Today is the 13th of June, the feast of St. Anthony. San Antonio. Well, he was born in Lisbon, Portugal, so in Portugal, they say he is St. Anthony of Lisbon. When you're here in Italy, they'll say he is St. Anthony of Padova. Yeah, we call him St. Anthony. He is for all and they say he is one of the most popular of saints. Even non-Christians venerate him.

But I guess God can work a lot of miracles and wonders through him. Because he followed. St. Anthony, by the grace of God, followed the methodology of the reign of God. He came from a well-to-do family in Lisbon, but joined the Augustinians and wanted to really spend his time in solitude and study. He was a learned person. And then he heard about the Franciscans. And he saw the burial of some Franciscans who were martyred in Morocco. And there was a call that he heard, felt he wanted to be a martyr also. So he asked permission to join the Franciscans. And he changed his name from Ferdinand to Anthony.
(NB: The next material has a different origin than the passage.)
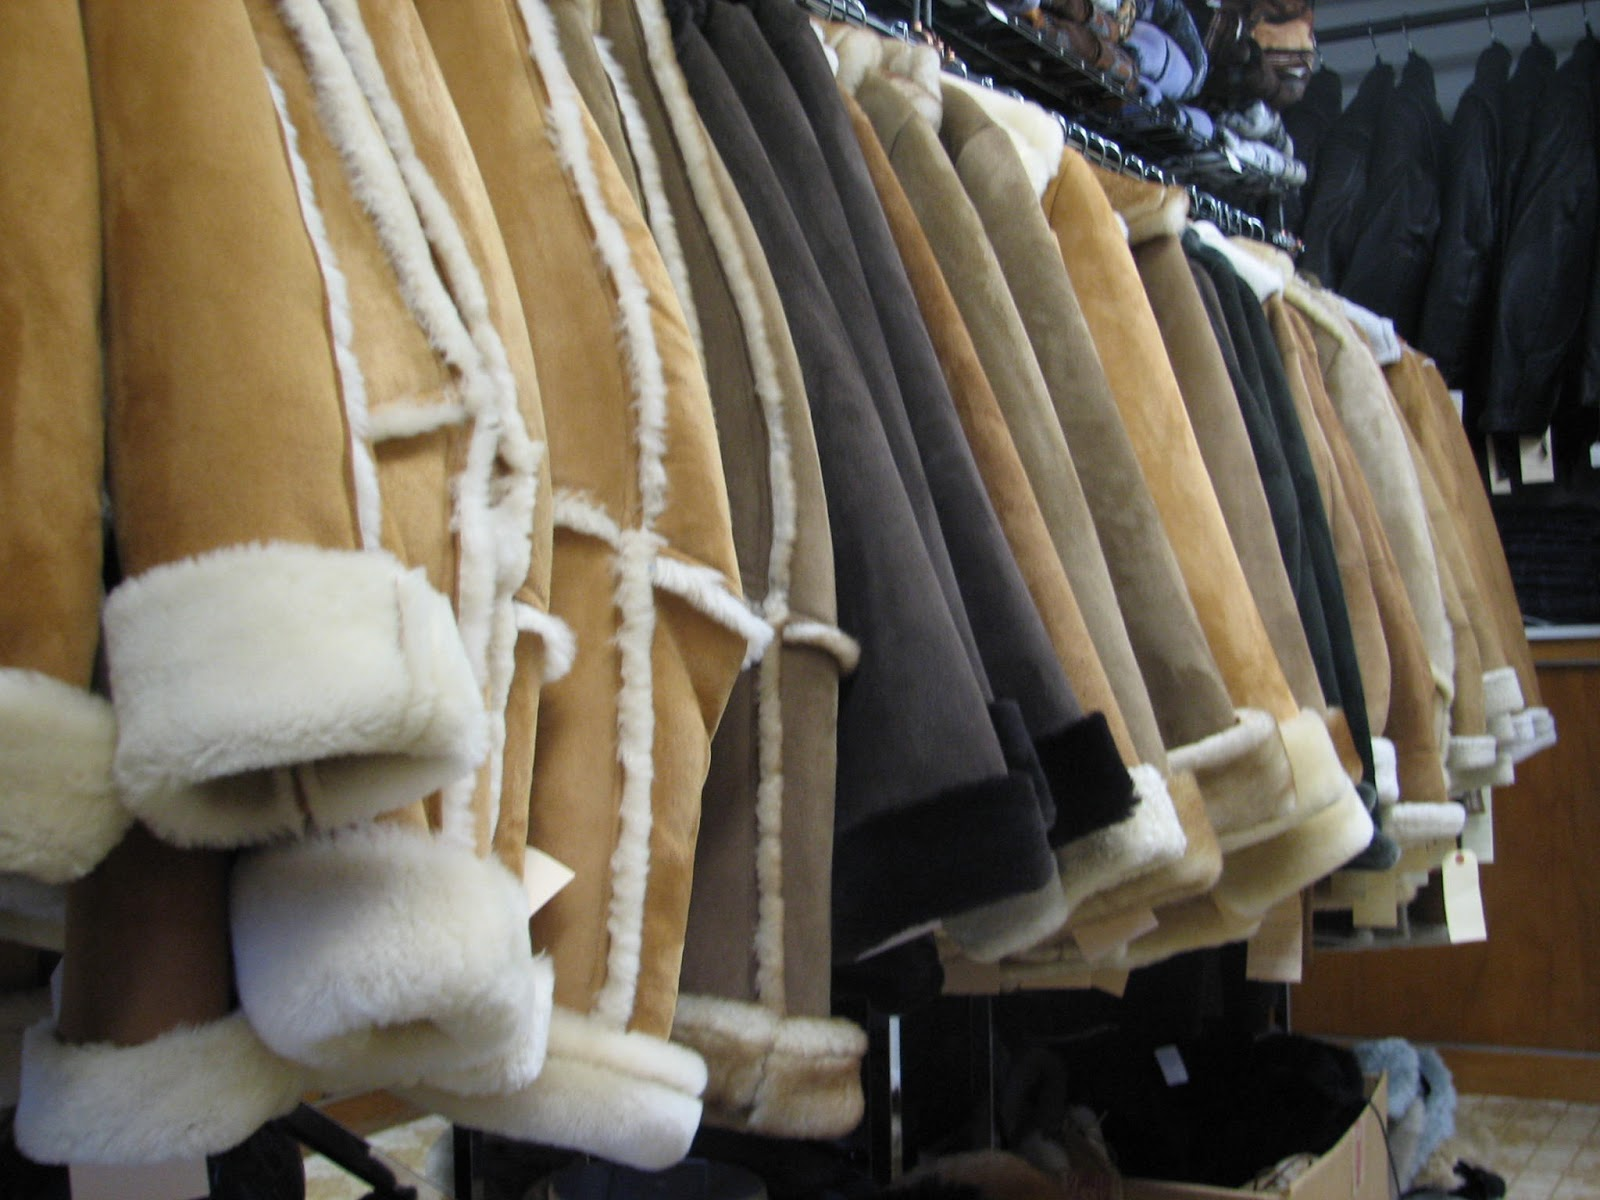 Как почистить натуральную дубленку и пальто в домашних условиях (2 фото)

He was almost unknown as a Franciscan. He was sent to Morocco but he got sick. So he was sent back to Portugal. But because of a typhoon, the boat landed in Sicily rather than Portugal. In Sicily! And then it so happened that there was a general chapter of the Franciscans, so he was able to attend. But again, unknown until there was an ordination of the Dominicans and the Franciscans. And wow! They forgot to appoint a preacher. So last minute, "You peach, you preach!" And the Dominican said, "No, no, I'm not prepared." The Franciscan, "No, no, I'm not prepared.” So he was obedience.

And then they heard him talking in very simple terms. But when his heart was on fire, "Oh my! Who is this?" The discovery! And even St. Francis asked him, “Can you teach our brothers?” He is the first Franciscan to teach his fellow Franciscans. But St. Francis said, “Please teach them. But please be careful. We do not want to lose the spirit of prayer and devotedness and humility.” And that he did. And he maintained his teaching in a simple manner. He was attentive to the needs of the poor. And he said, he will combat heresies. Not by attacking the heretics, or the corrupt, but by showing them the beauty of the gospel and attracting them to the truth of the gospel. This very gentle saint is known everywhere as a miracle worker, and as a provider for the poor.

I think that's how the kingdom of God will really spread. Let us be humble. Let us be little and let us allow God to do the great things. Our great contribution is the littleness and the humility of our persons, and of our loving. It is not our kingdom. It is the kingdom of God.